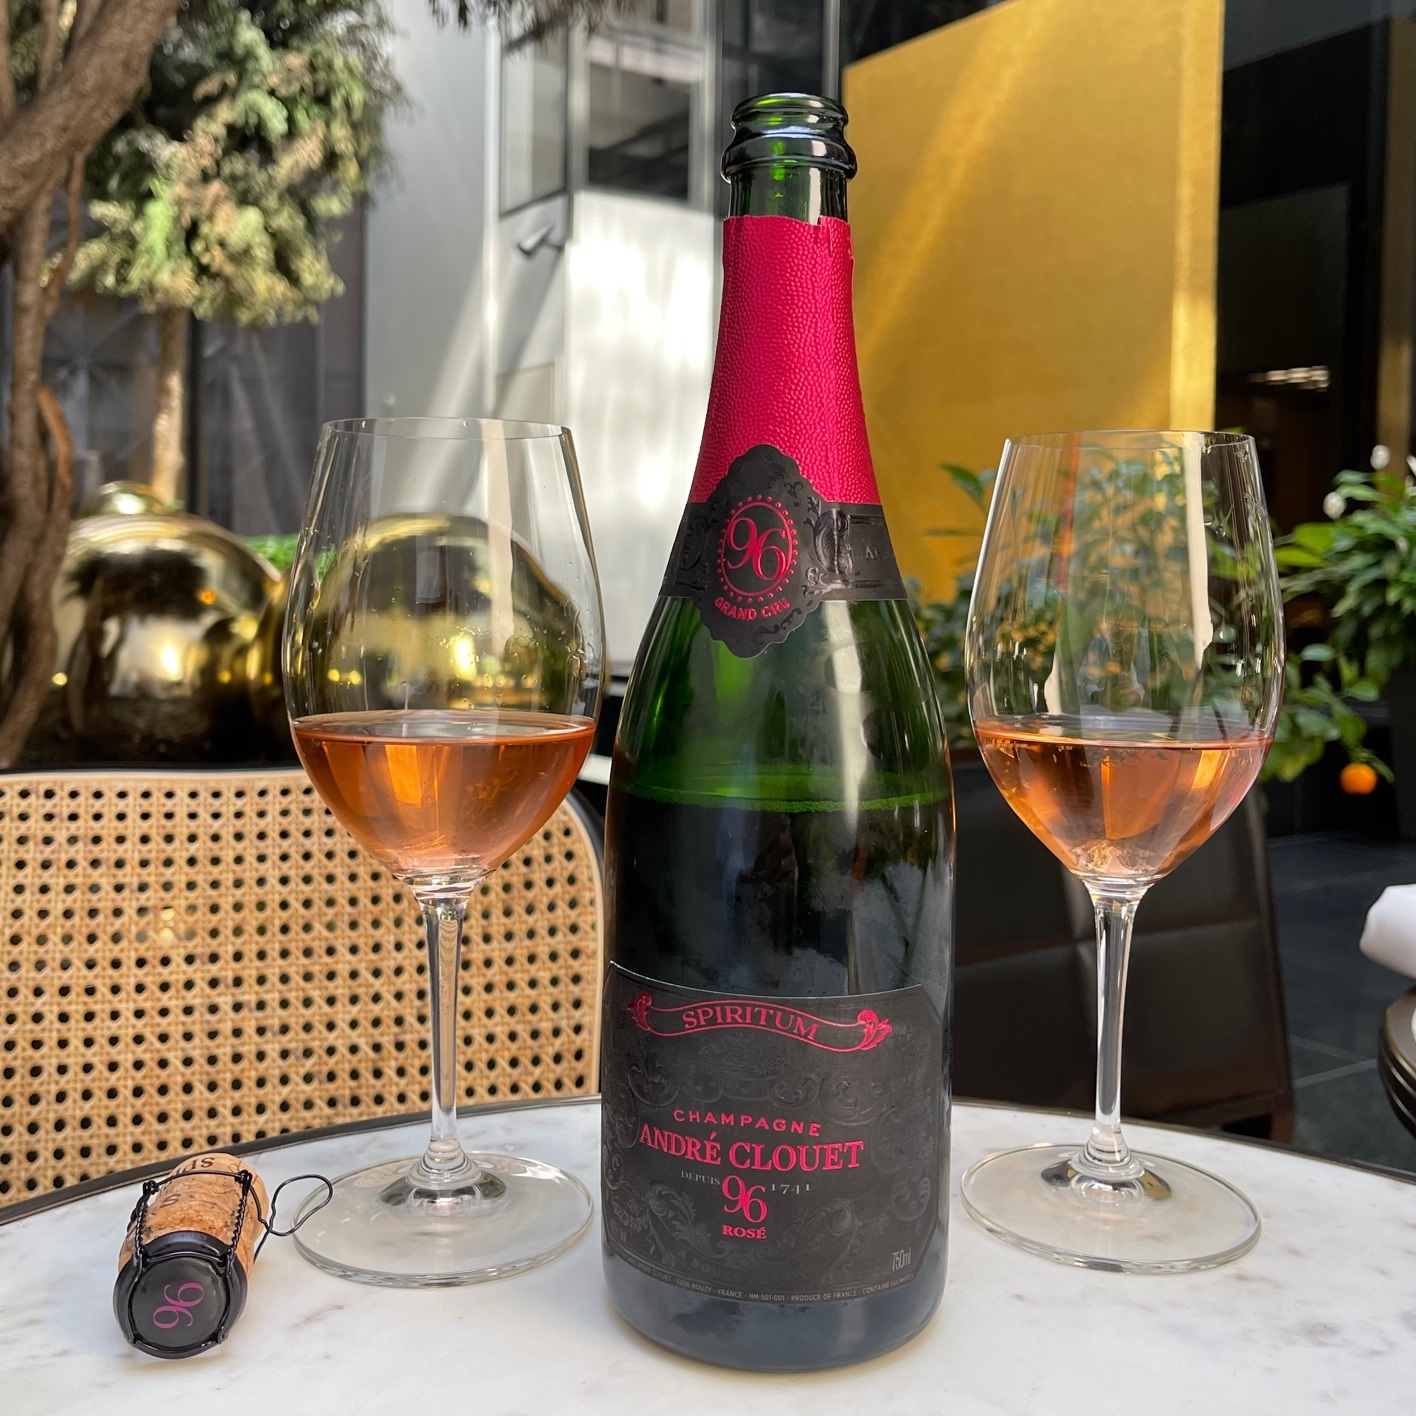 André Clouet Spiritum 96 uus Rosé Champagne
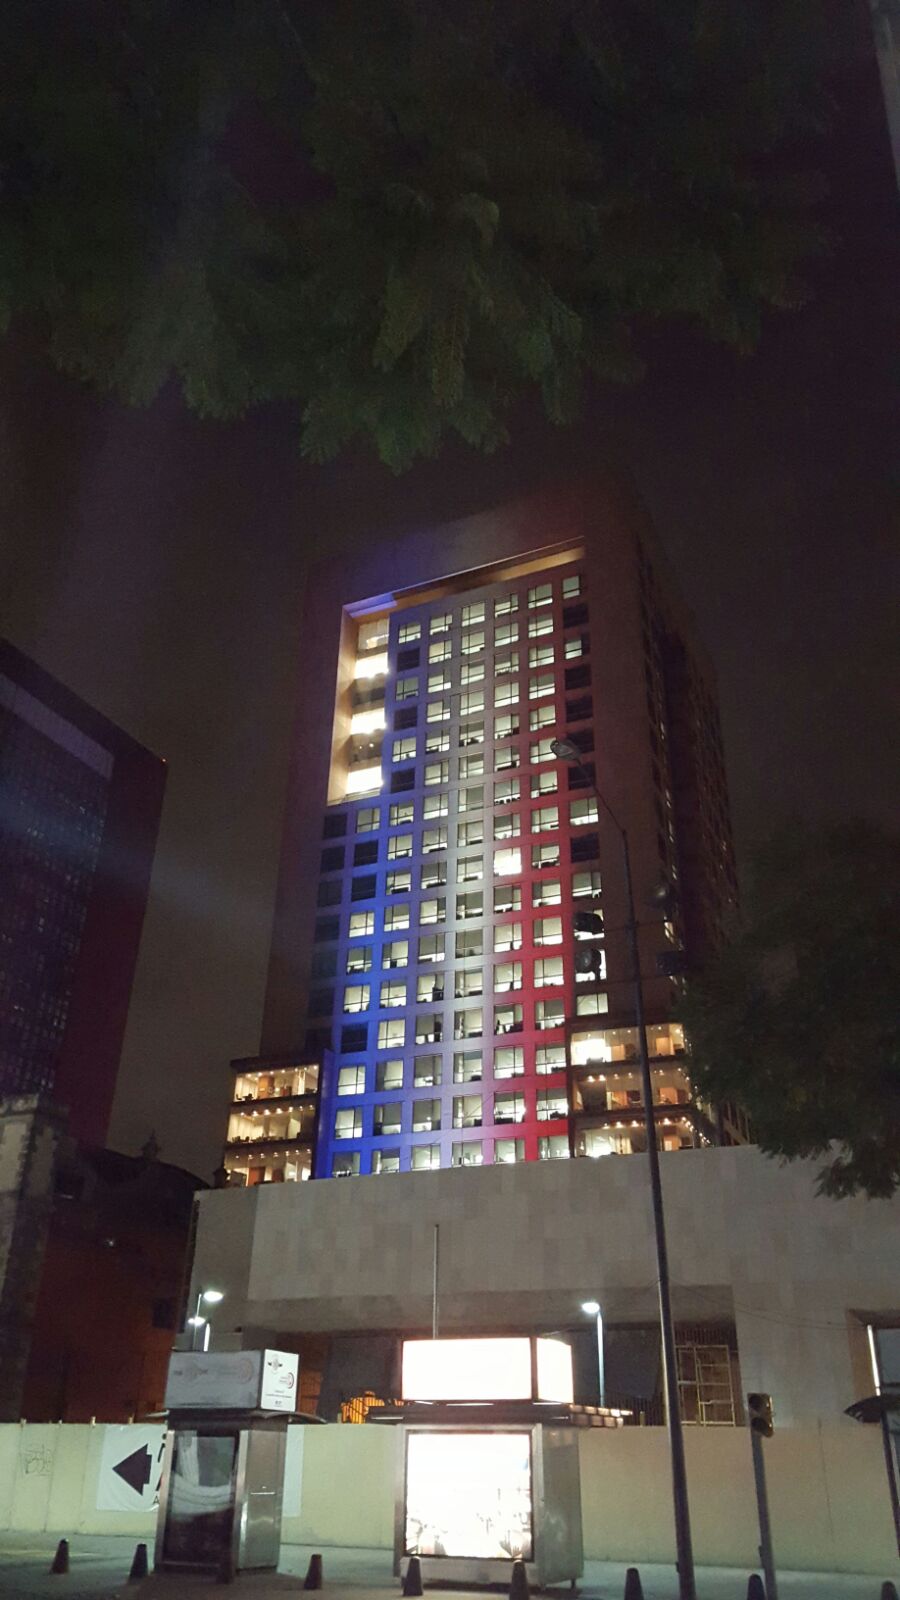 FOTO 3 Edificio de la Canciller a iluminado con los colores de Franciajpg
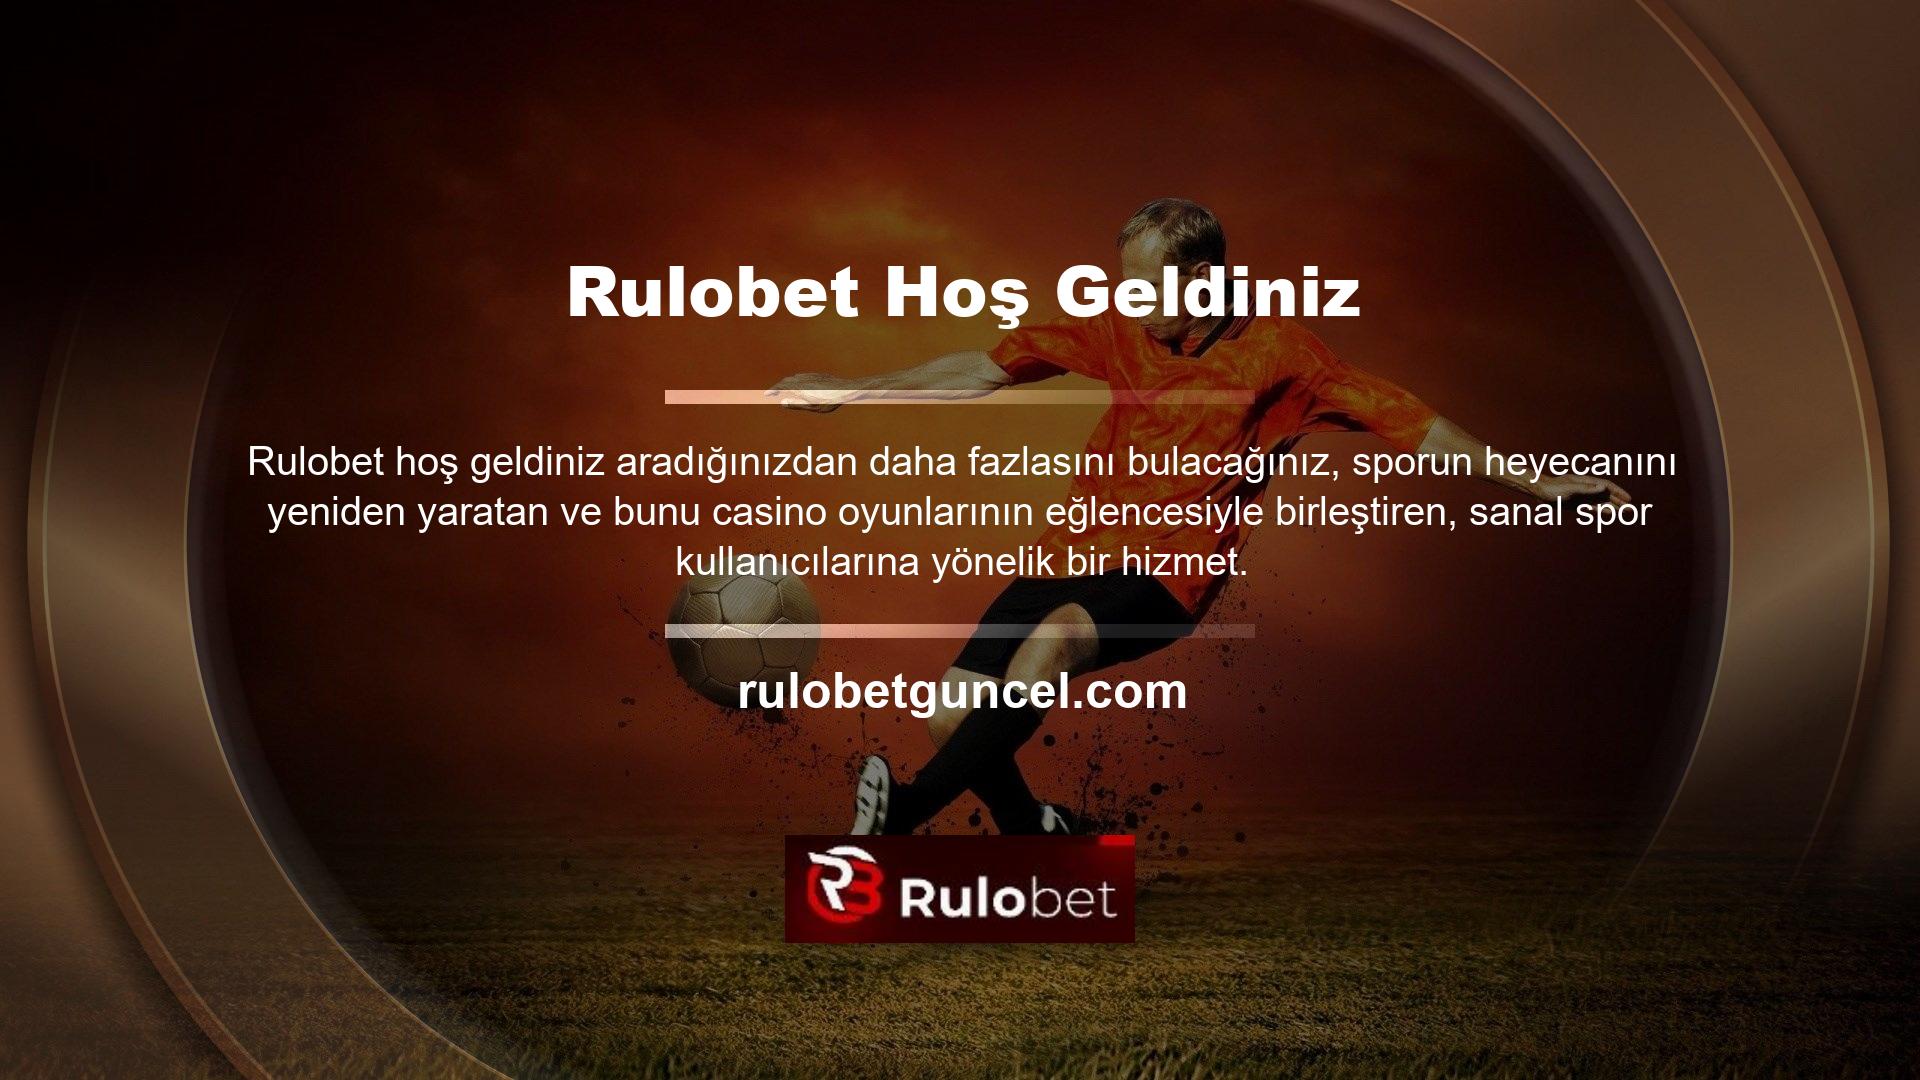 Rulobet bir spor oyunu olarak geliştirildi, neredeyse hepsini sağlıyoruz

## [Assigned task]
All of the data above is to be repeated exactly, with the pictures left out.

## [Solved exercise]
 André Clouet Spiritum 96 uus Rosé Champagne
 FOTO 3 Edificio de la Canciller a iluminado con los colores de Franciajpg
 Rulobet bir spor oyunu olarak geliştirildi, neredeyse hepsini sağlıyoruz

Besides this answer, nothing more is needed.